Background: Cognitive frailty (CF) is an emerging concern among older persons, particularly within lower socioeconomic statuses (SES) populations. Currently, there is limited evidence on the potential reversibility of CF through multi-domain interventions within this demographic. This study aimed to investigate the effectiveness of the WE-RISE™ multi-domain intervention in addressing the potential reversibility of CF among community-dwelling older persons of lower SES, the intervention effects on multiple health dimensions, and to determine if WE-RISE™ is of low cost.

Methods: This 24-week randomised controlled trial included 55 community-dwelling older persons of lower SES with CF, who were randomised into either the WE-RISE™ intervention group (n = 27), or the control group receiving usual care (n = 28). The WE-RISE™ intervention comprised of 12 weeks of instructor led, community-based intervention, followed by 12 weeks of WE-RISE™@Home. CF status, cognitive and physical function, nutrition, disability, health-related quality of life, exercise self-efficacy and depression were assessed at baseline, 12th and 24th weeks. Changes in CF status was analysed descriptively, while intervention effects were analyzed with split plot ANOVA. The cost of the WE-RISE™ intervention was calculated using activity-based costing.

Results: At baseline, all participants in both the intervention and control groups (100%) were classified as CF. Following 12 weeks of the WE-RISE™ intervention, 74.1% of participants in the experimental group no longer met the criteria for cognitive frailty, with 63% maintaining this improvement at 24 weeks. In contrast, the CF status of participants in the control group remained largely unchanged, with only 10.7% showing improvement at 12 weeks and falling to 3.6% at 24 weeks. Significant intervention effects were observed for cognition, physical function, body composition, disability, health-related quality of life and self-perceived exercise self-efficacy (p < 0.05) following participation in WE-RISE™. The cost per intervention session was RM4.06 (≈ RM3.88), and the cost per subject for 48 sessions was RM194.74 (≈ RM187.01).

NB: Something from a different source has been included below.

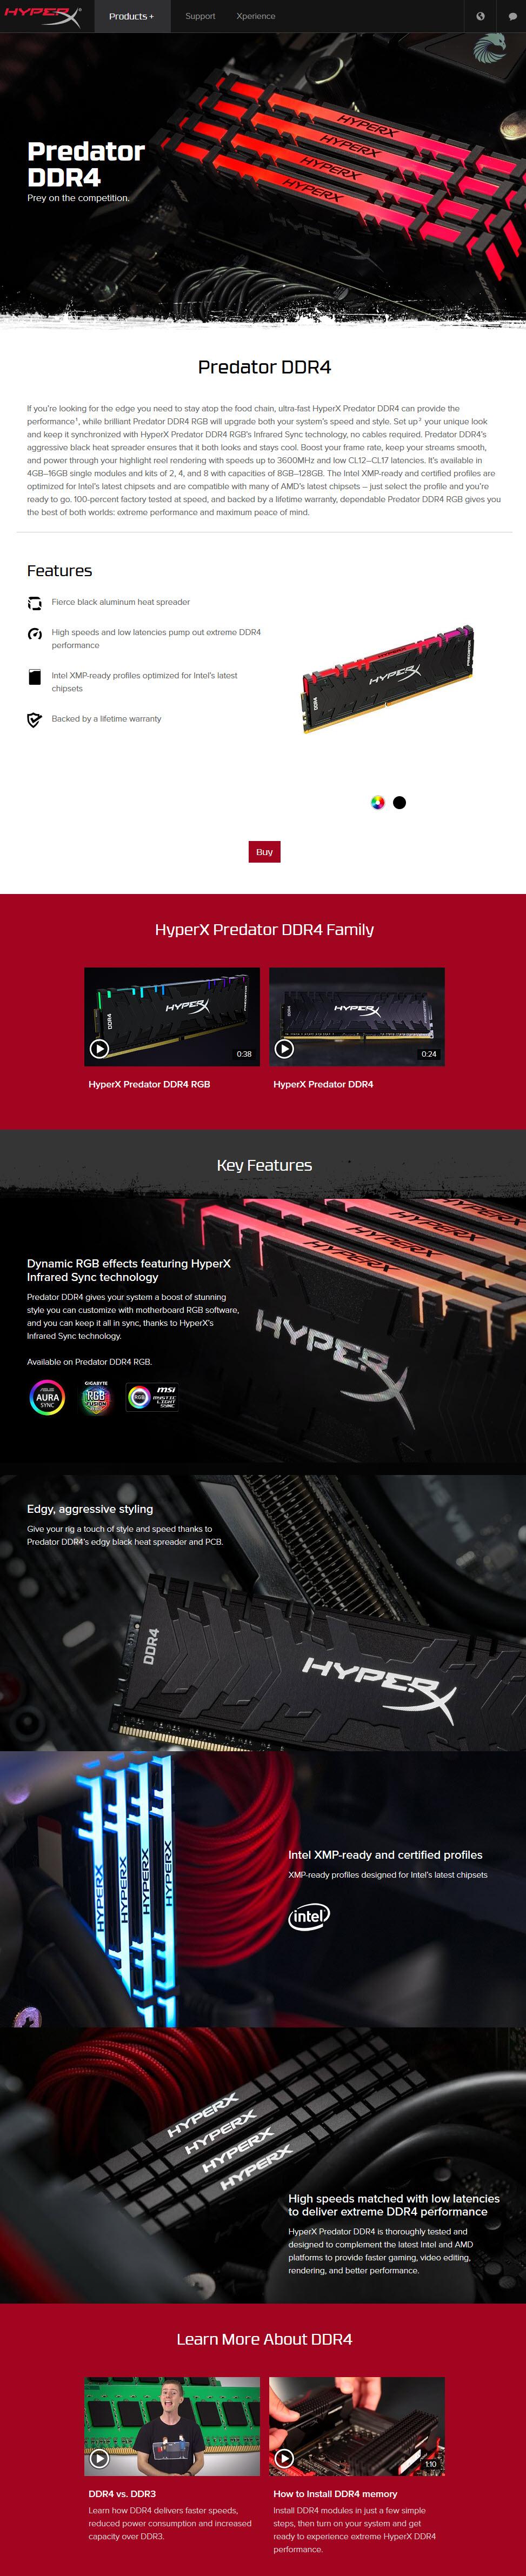 2018 06 22 22 50 56 KINGSTON HYPER X PREDATOR RGB DDR4 2933MHz 4x8GB Review
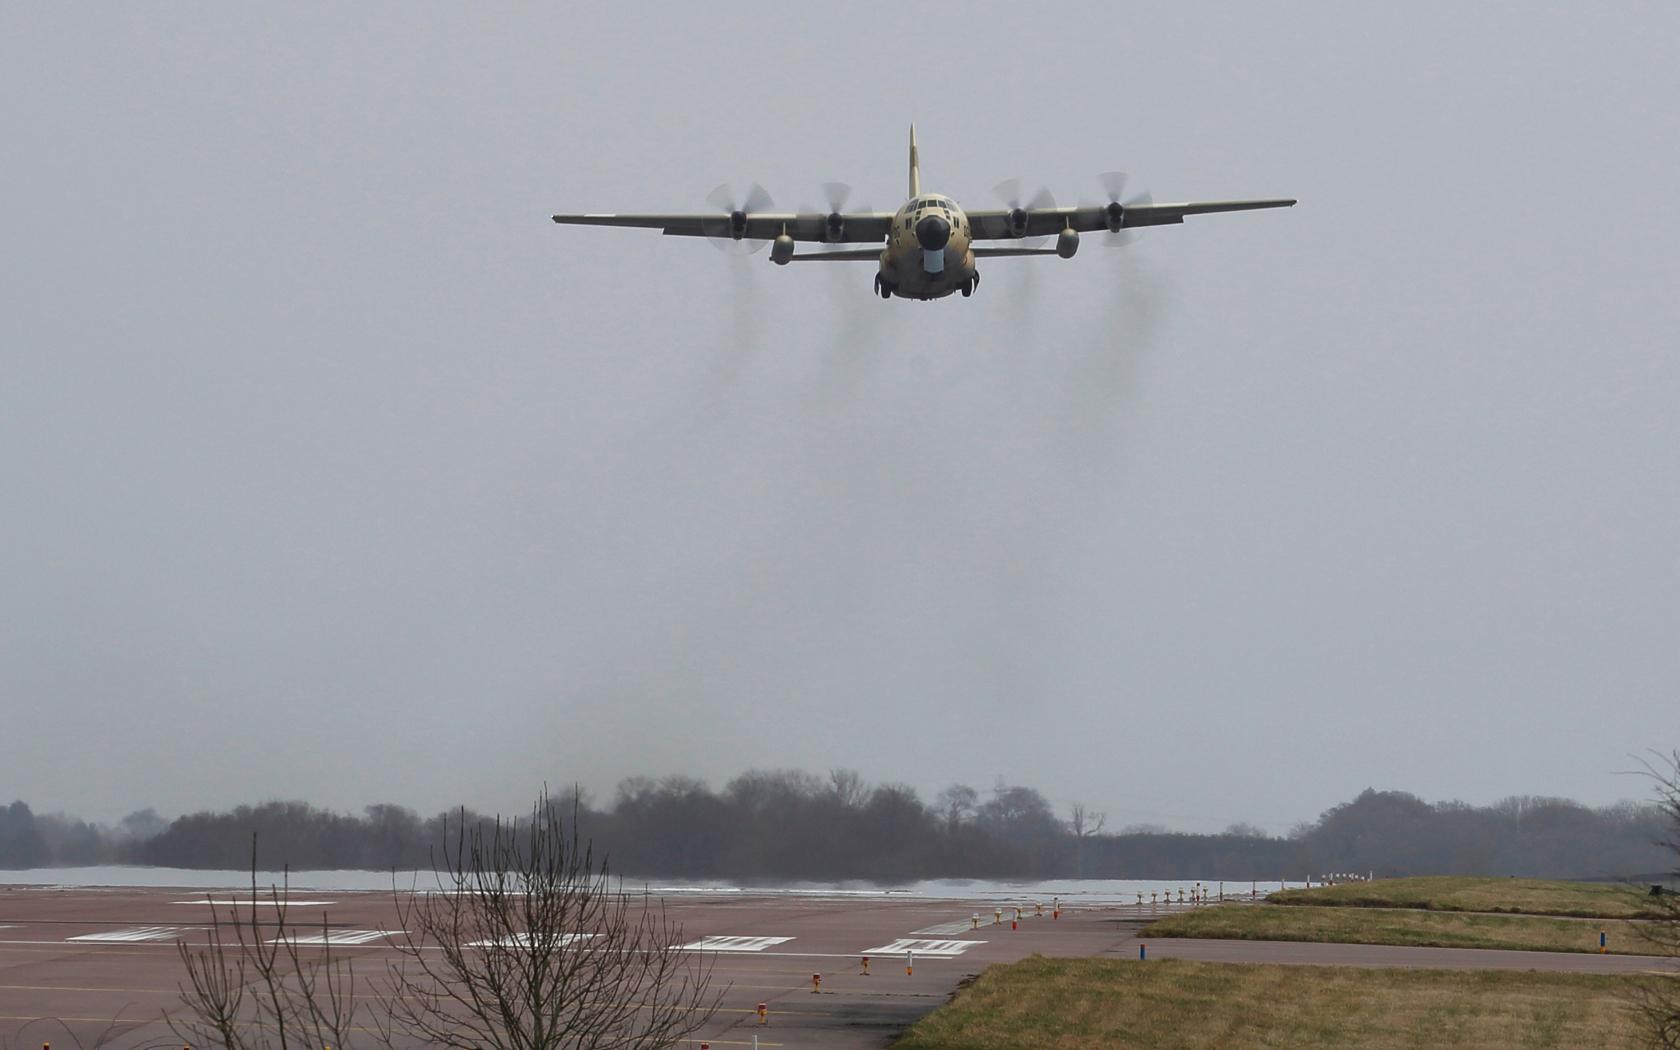 FRA: Photos d'avions de transport - Page 21 16682487211_8b3f9c0615_o

Conclusion: The WE-RISE™ multi-domain intervention has demonstrated potential in reversing CF among older persons of lower SES, leading to significant improvements across multiple health dimensions at a low cost. WE-RISE™ shows promise to enrich the well-being of ageing societies, contribute to societal health, and ensure equitable access to healthcare, supporting broader implementation by enhancing equitable access to health programs and addressing the needs of older persons, WE-RISE™.

Trial registration: This trial was registered in the Australian New Zealand Clinical Trials Registry (ACTRN12619001055190) on the 29th of July 2019 - retrospectively registered.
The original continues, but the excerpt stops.